WORK INSTRUCTION ▸
Repeat the listing below word for word, minus the pictures.

DATA PROVIDED ▸
*** Begin section ***

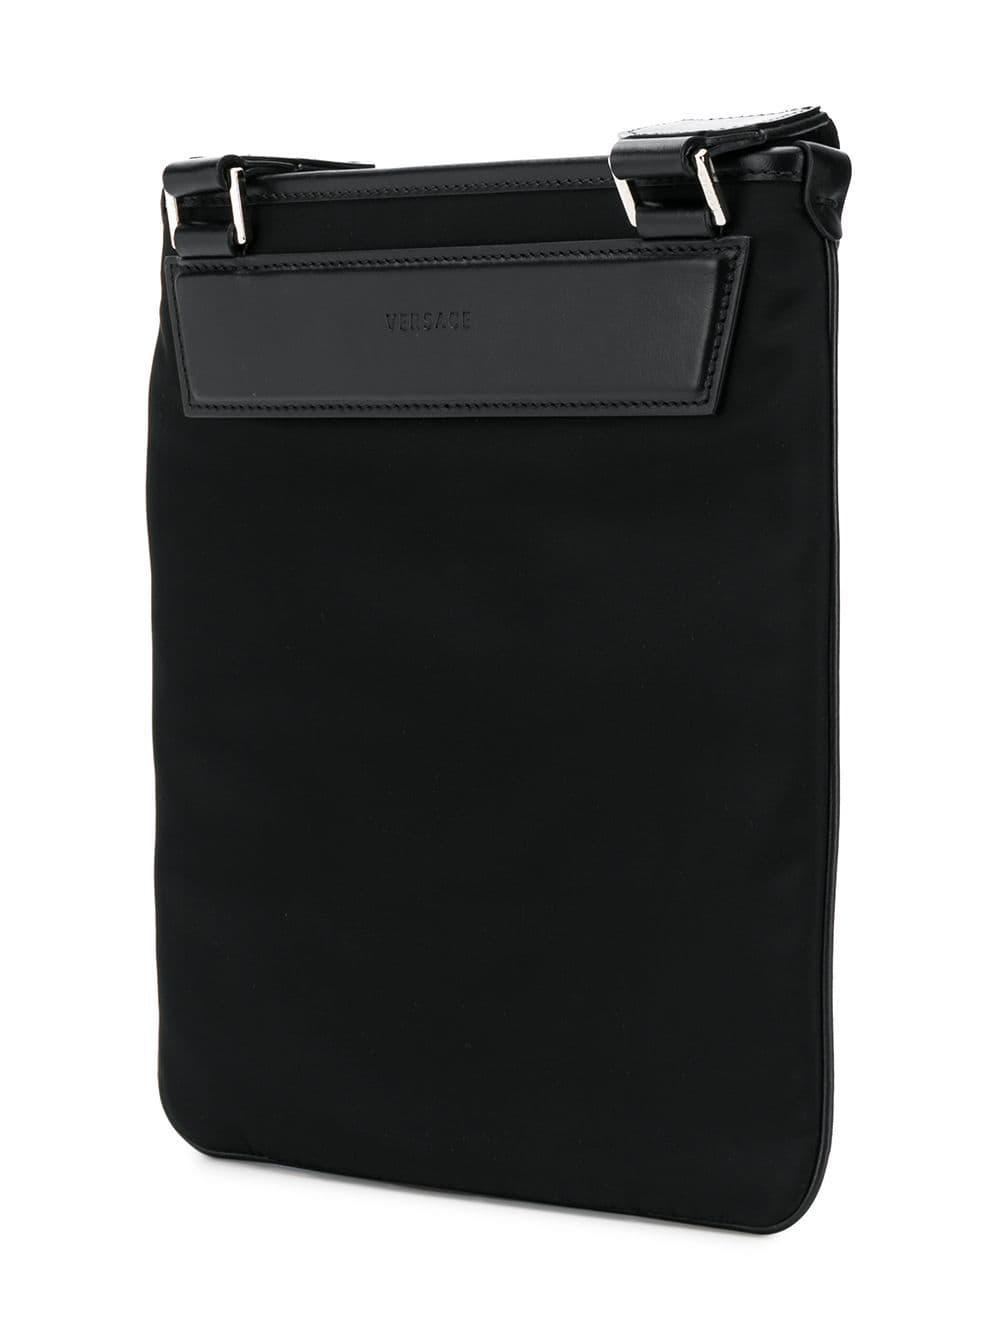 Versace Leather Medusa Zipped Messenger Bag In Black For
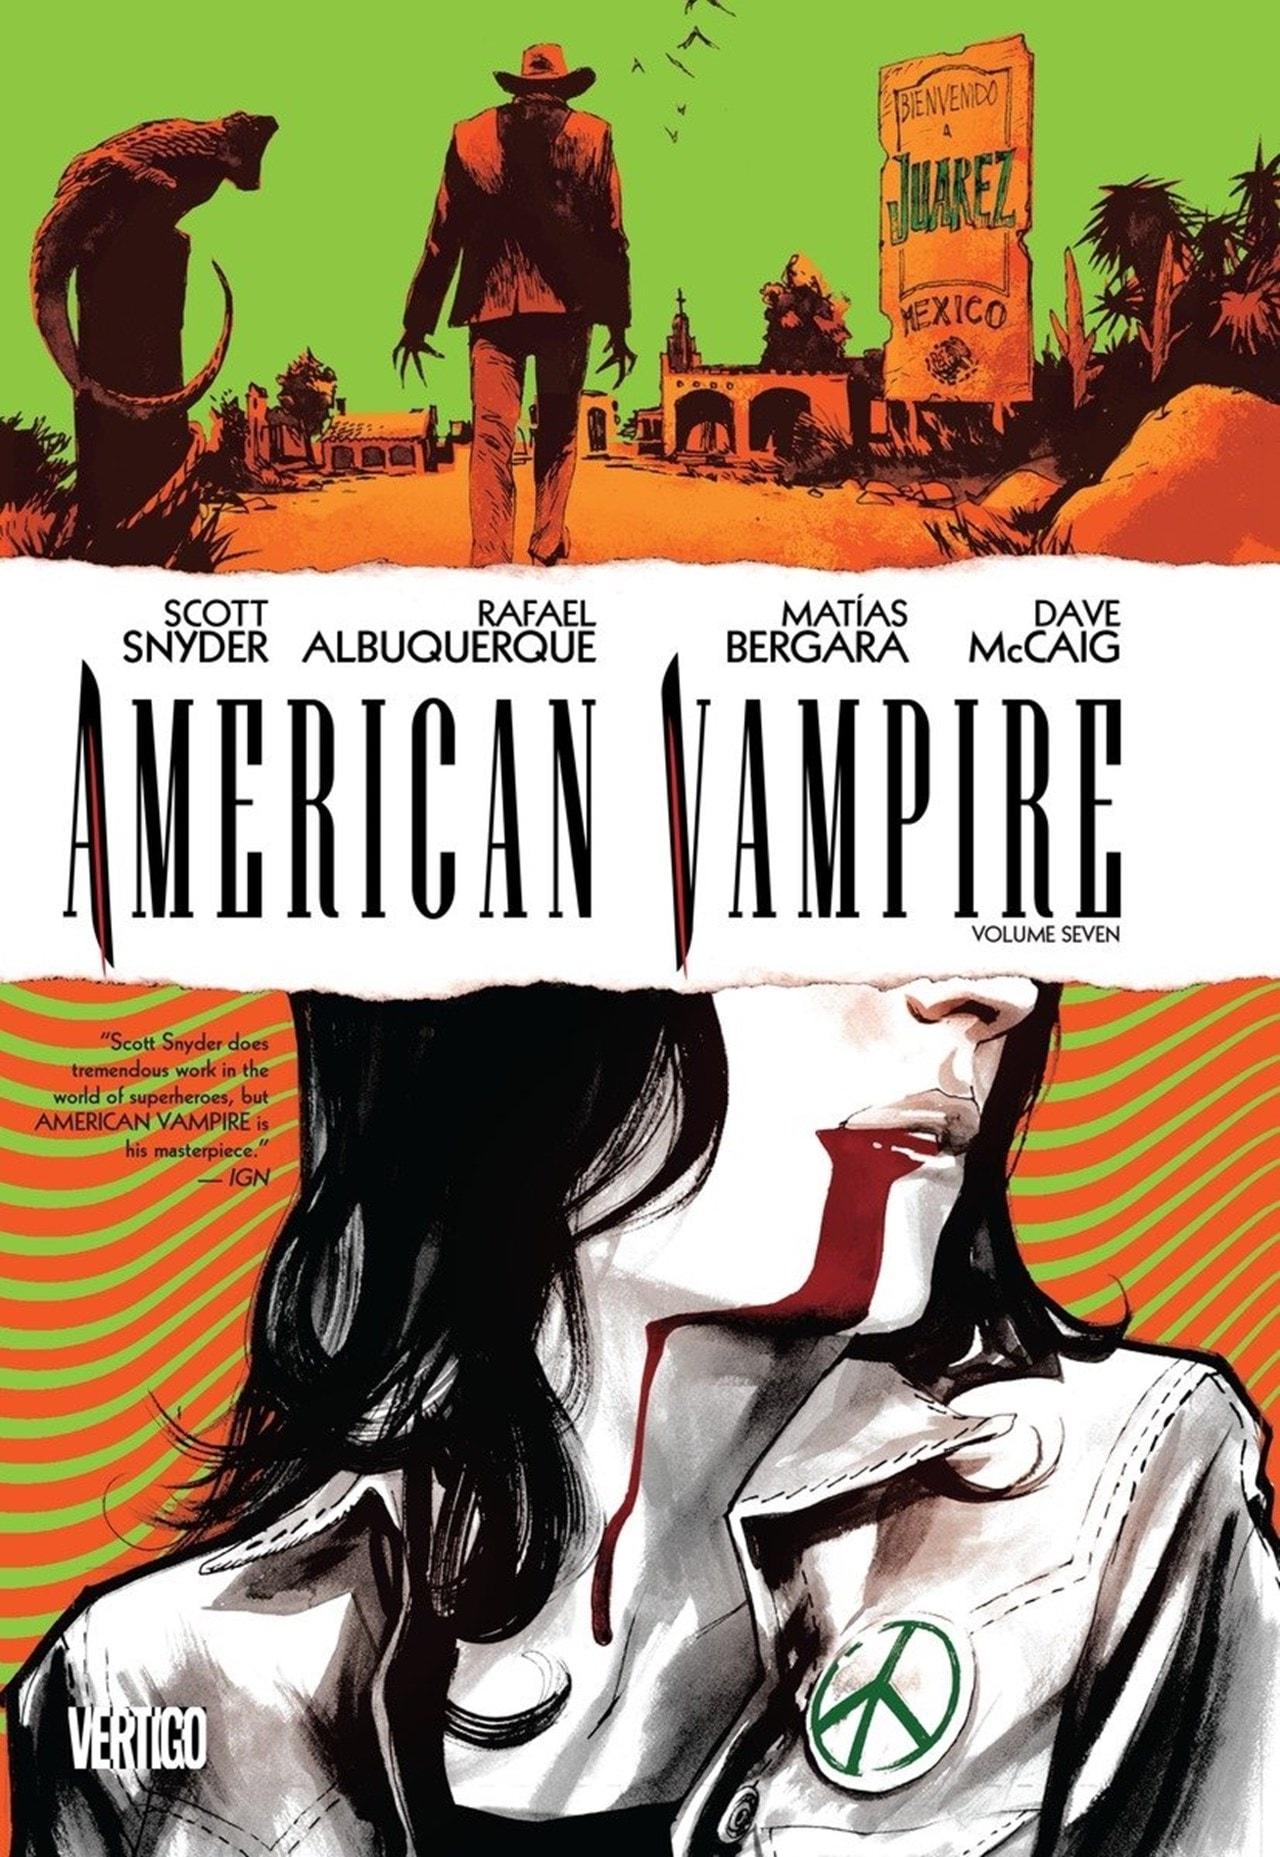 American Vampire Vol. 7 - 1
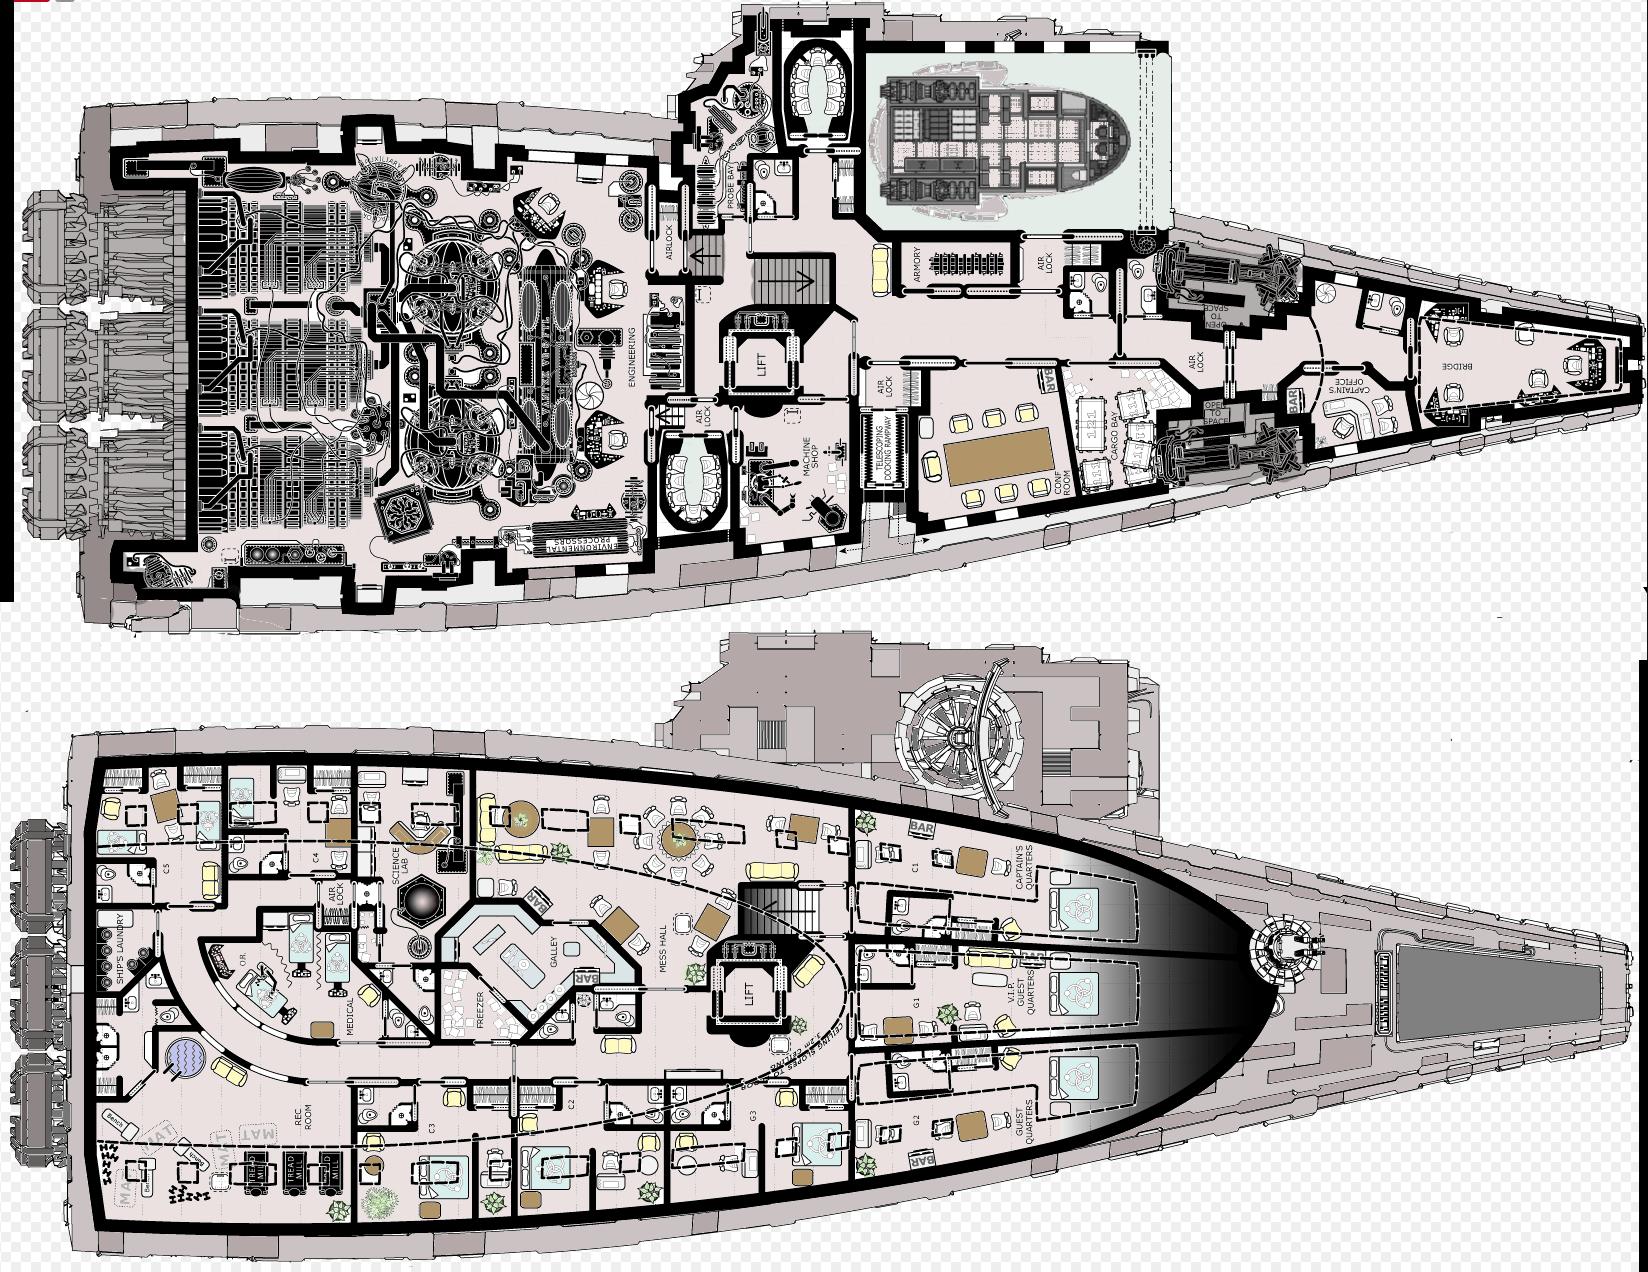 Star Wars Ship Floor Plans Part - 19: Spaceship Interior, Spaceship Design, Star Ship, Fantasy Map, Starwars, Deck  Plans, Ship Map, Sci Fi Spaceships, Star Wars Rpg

*** End section ***

REPLY TO THE EXERCISE ▸
 Versace Leather Medusa Zipped Messenger Bag In Black For
 American Vampire Vol. 7 - 1
 Star Wars Ship Floor Plans Part - 19: Spaceship Interior, Spaceship Design, Star Ship, Fantasy Map, Starwars, Deck  Plans, Ship Map, Sci Fi Spaceships, Star Wars Rpg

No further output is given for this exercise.